VIVO IPL trophy. (Courtesy by BCCI)

HIGHLIGHTS

  • BCCI has created an infrastructure of thousand of crores in the country: Arun Dhumal
  • Vivo retained the title sponsorship rights for the IPL last year for a whopping Rs 2,199 crore
  • Don’t see any issue with Vivo sponsorship for IPL in absence of government order: Dhumal

There is a massive outrage over China and use of Chinese products in the country following the clashes between Indian and Chinese soldiers at the Galwan valley.

20 Indian Army personnel, including a commanding officer, lost their lives in the violent clashes and the Indian government responded by asking the BSNL and MTNL not to use Chinese equipment while upgrading its 4G facilities.

Social media is already abuzz with fans calling for BCCI to remove Vivo, a Chinese phone manufacturer, as the title sponsor of the Indian Premier League.

BCCI is anticipating a backlash considering the sentiments in the country and the popularity cricket enjoys in India. However, it insists that the if there is a uniform directive from the government putting a blanket ban on Chinese products and sponsors, then only it will be able to get rid of Vivo as the title sponsor of the IPL.

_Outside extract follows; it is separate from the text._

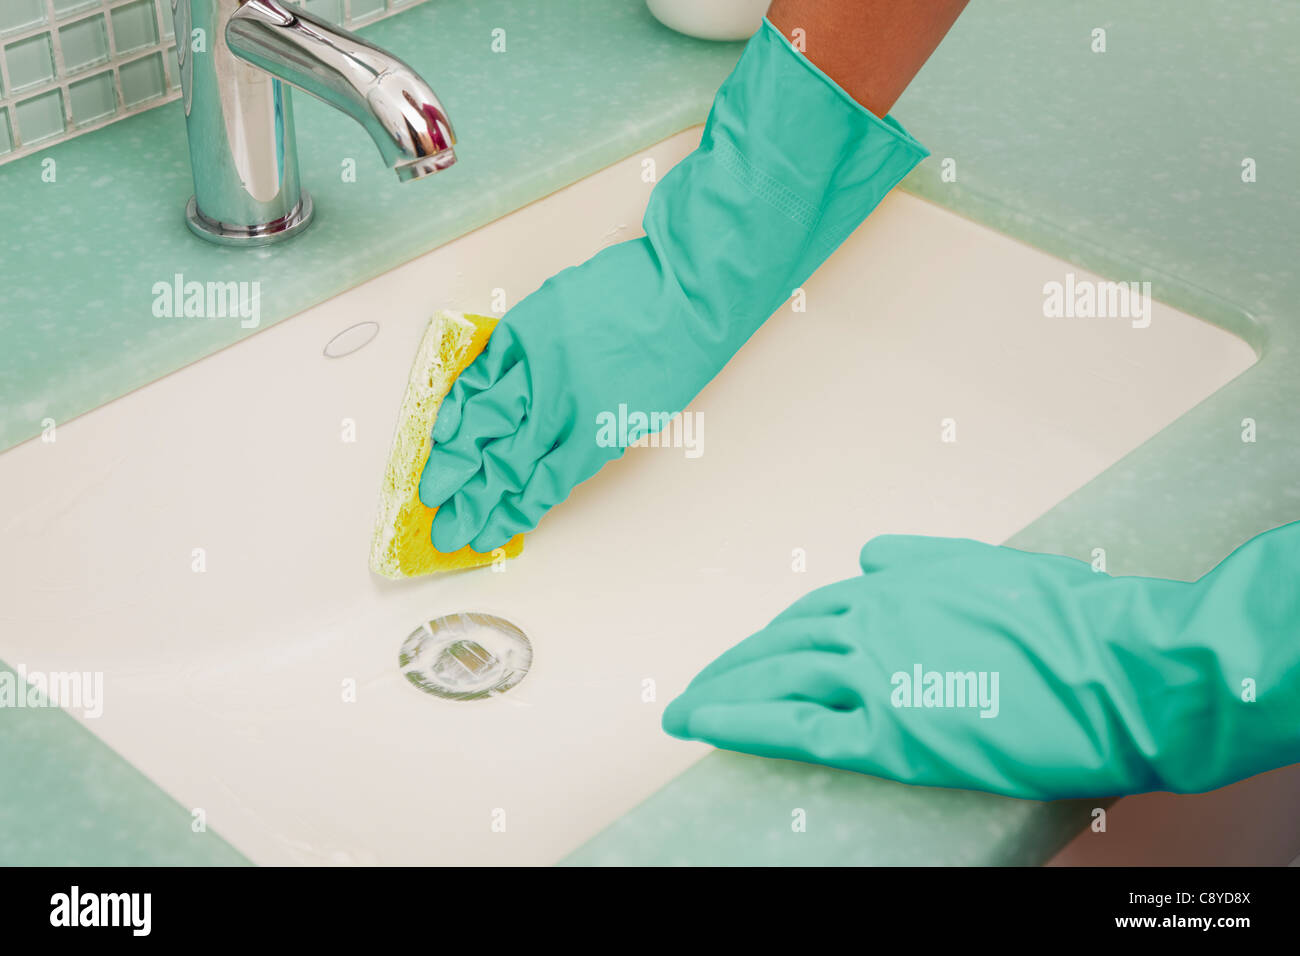 USA, Illinois, Metamora, Close-up of woman in rubber gloves cleaning bathroom sink Stock Photo

“We understand the sentiments in the country, and there could be a backlash over title sponsorship of the IPL but there are still things that we need to understand,” Arun Kumar Dhumal, BCCI tresurer told India Today.

For the record Vivo retained the title sponsorship rights for the IPL last year for a whopping Rs 2,199 crore over a period of five years.

“BCCI has created an infrastructure of thousand of crores in the country. If a Chinese company is earning money from the Indian consumer and paying it to the BCCI, which in turn is giving a 40 per cent tax to the government, then I believe we are helping the Indian cause,” Dhumal stressed.

“If there is a directive from the government that no Chinese product or services will be allowed in the country, BCCI will be happy to adhere to it. But in the absence of any such order and if that money is being used in India, and for the betterment of Indian cricket, then I don’t see any issue with it.”